Asked by reporters on Tuesday why he served Mass at Bleiburg on May 14, Banja Luka's Roman Catholic bishop said that he went there to pay respect to innocent victims, warning that the war-time events in Banja Luka, which had been almost entirely cleansed of non-Serbs, were being persistently ignored.

"This here is Bleiburg.... that is what I wanted to say at Bleiburg... Go to Banja Luka and take a look, Bleiburg is there. Where are Banja Luka residents, why were they killed, why have they been denied the right to their identity? They have no right to their place of origin. That's Bleiburg for me," Komarica said, adding that it was time to take off masks and admit the full truth about all crimes.

In his open letter, Dodik said that with his statement Komarica hit a raw nerve, namely the issue of victims of Ustasha crimes committed in World War II, whom he described as "the holiest martyrs."

"You served Mass for the victims of Bleiburg, which is your right. I am confident that you know that some of the Bleiburg victims were responsible for our suffering in the areas of Mt Kozara, Banja Luka and Donja Gradina but that none of our victims were responsible for the death of people for whom you served Mass at Bleiburg. Therefore your comparison of Banja Luka and Bleiburg is horrible, to say the least," Dodik said, without replying to Komarica's question as to who killed and expelled non-Serbs from Banja Luka and why.

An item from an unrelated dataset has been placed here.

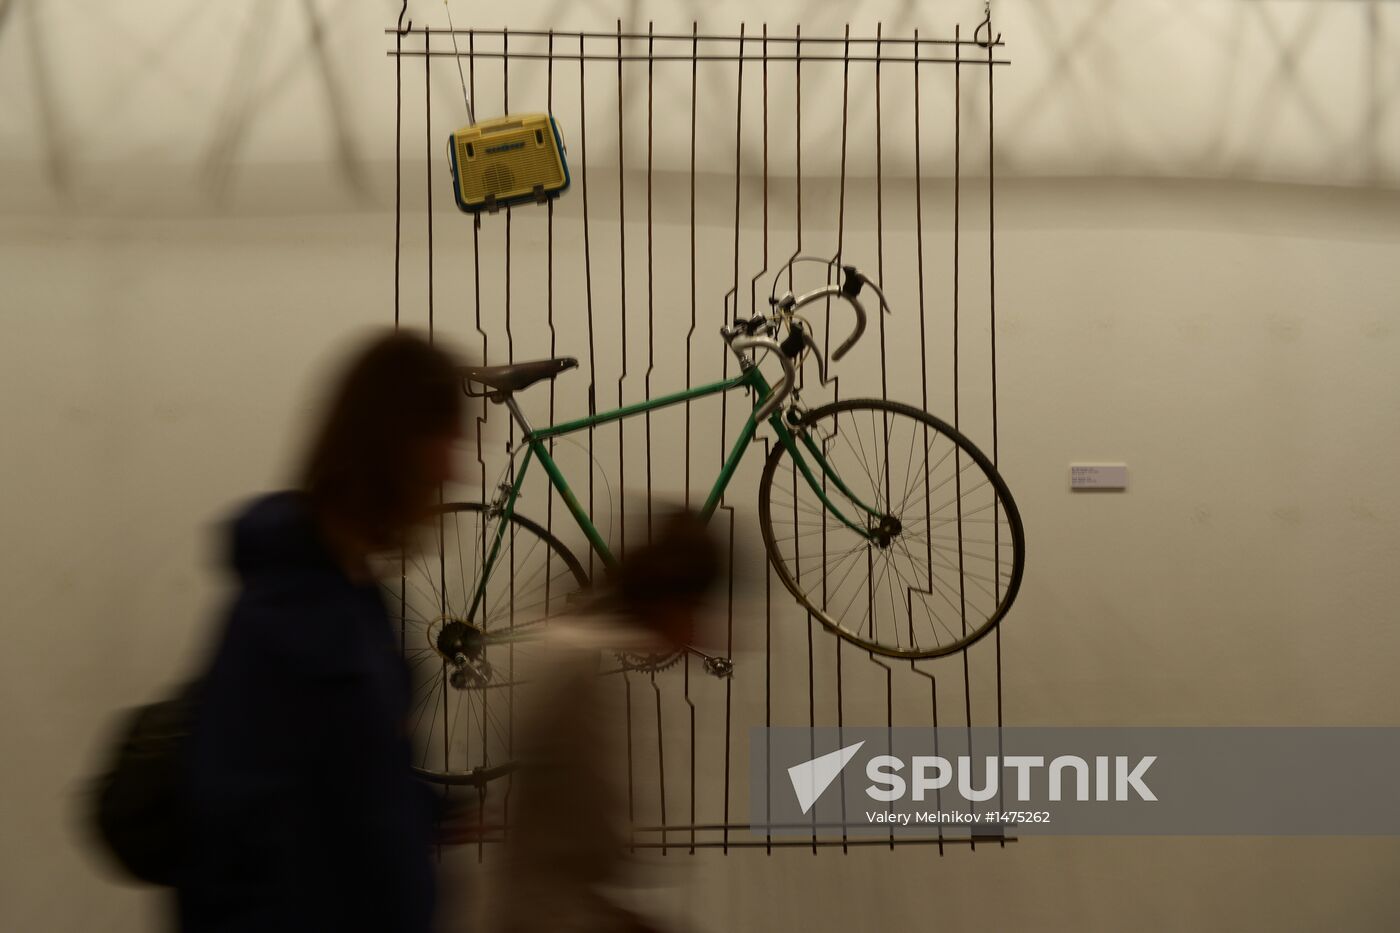 Dmitry Gutov's exhibition "Nothing To Be Surprised About"

He also said that he understood Komarica's concern about the present and future of his people and was willing to help him in that regard but that he was not sure the bishop was helping his people with such statements.  

Resenting Komarica's "harsh words", Dodik said that the past could not be changed but that "the future can be significantly impacted through care, hard work and tolerance."

The dignitary has also warned on many occasions about a deteriorating status of Catholics in his diocese, noting that before the 1992-1995 war, 220,000 Catholic Croats lived in the area which is now under the control of the Bosnian Serbs, while now only an estimated 13,000 have remained.

More than 400 Roman Catholics, mostly Croats, and four priests have been killed in their homes by Serb armed groups in the Banja Luka region, north-western Bosnia, during 1992-1995, according to a statement issued by Banja Luka Diocese officials in 1995. Thirty seven (37) churches were blown up or burnt, 17 churches heavily devastated, and another 21 suffered minor kinds of damage in the Banja Luka area in this period, according to the statement. Besides, 24 houses of the Roman Catholic parishes were pulled down or ruined. Many Catholics were physically abused, and several hundreds of them were taken by force for hard labour on fronts. These acts were committed in a Bosnian area that has not been directly exposed to war, according to the statement. The statement underlines that Serb authorities in Banja Luka have never taken any action to find perpetrators of such crimes and to protect innocent people.